- [THE TASK]: The records below hold a stretch from the line with "сладкий пирог в" through the line with "Autre-Monde 1 l'Alliance"; return exactly those lines, ends included, and nothing more.

═════ MATERIALS PROVIDED

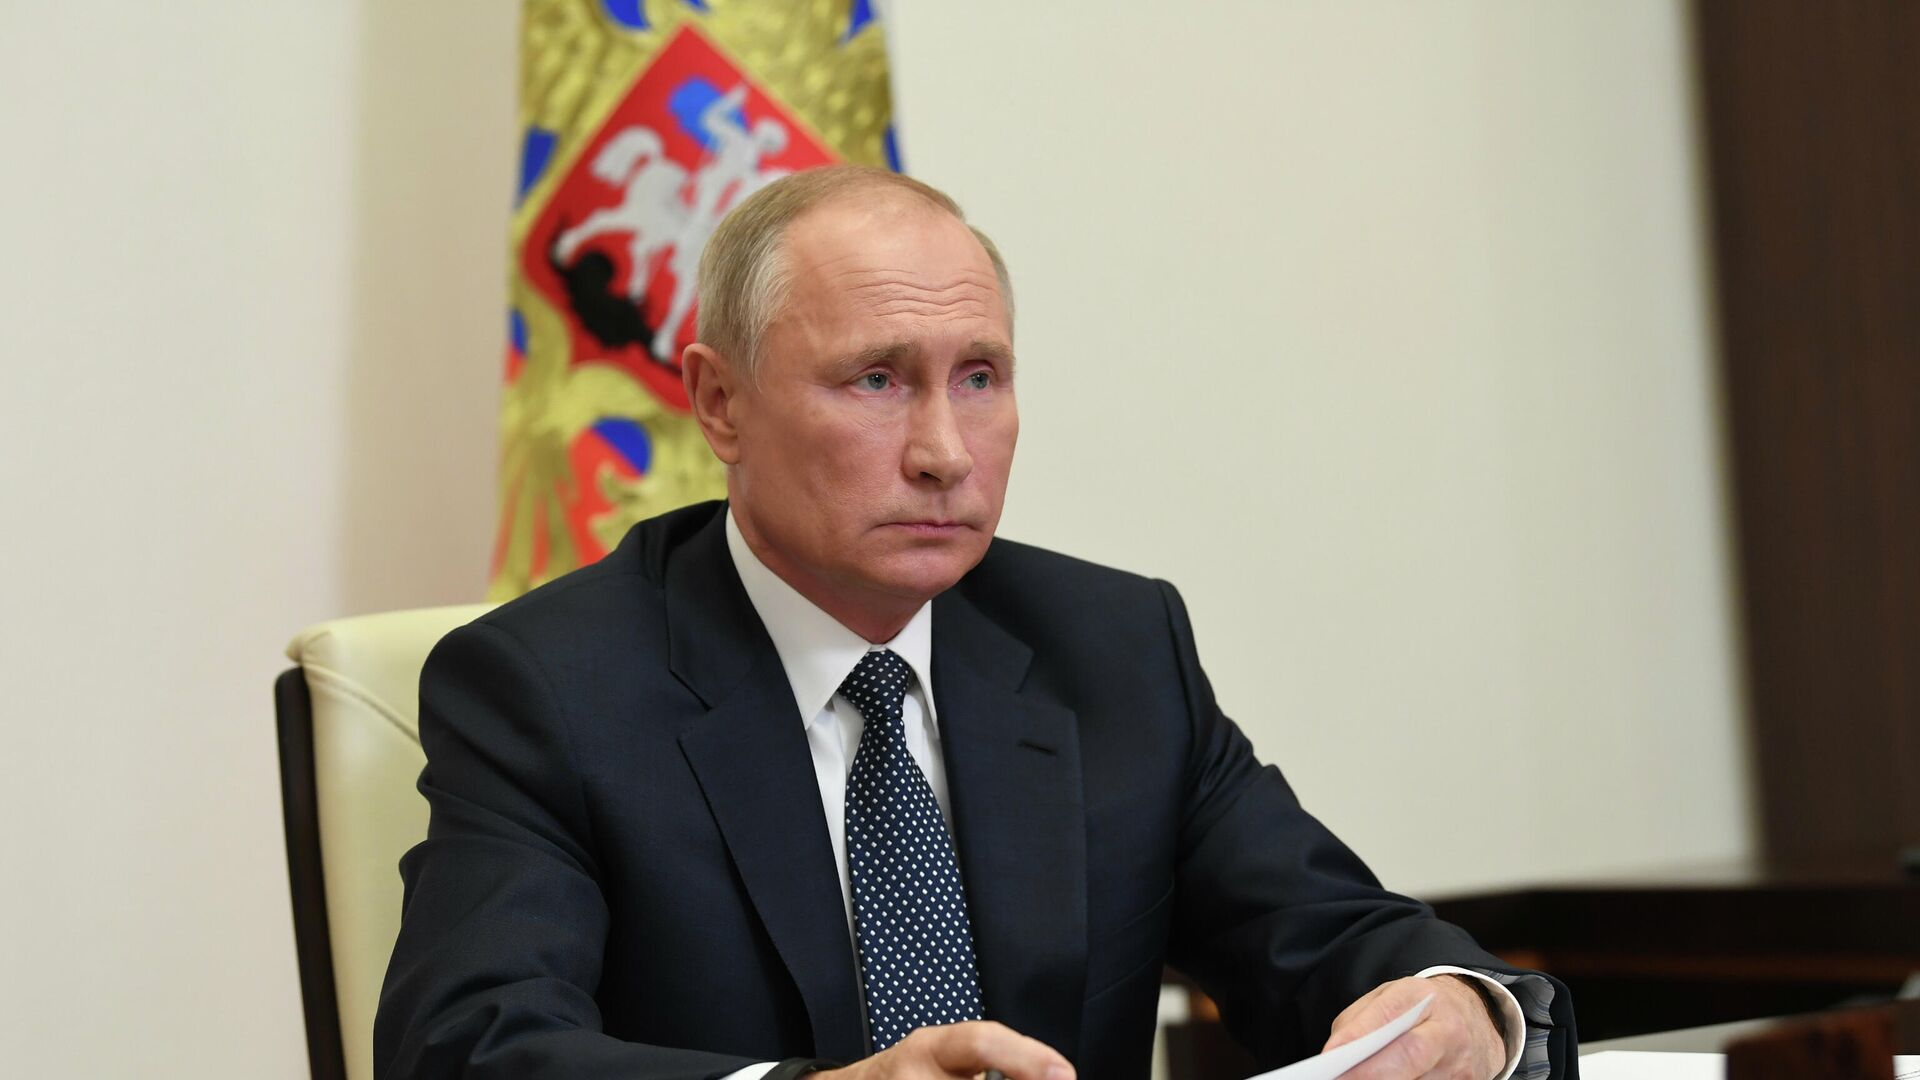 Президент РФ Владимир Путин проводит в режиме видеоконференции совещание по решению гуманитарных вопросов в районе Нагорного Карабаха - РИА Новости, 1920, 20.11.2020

══════════
═════ MATERIALS PROVIDED

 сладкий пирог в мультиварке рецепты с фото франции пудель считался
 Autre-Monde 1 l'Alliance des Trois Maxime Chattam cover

══════════

- [RESULT OF THIS EXERCISE]:
 сладкий пирог в мультиварке рецепты с фото франции пудель считался
 Autre-Monde 1 l'Alliance des Trois Maxime Chattam cover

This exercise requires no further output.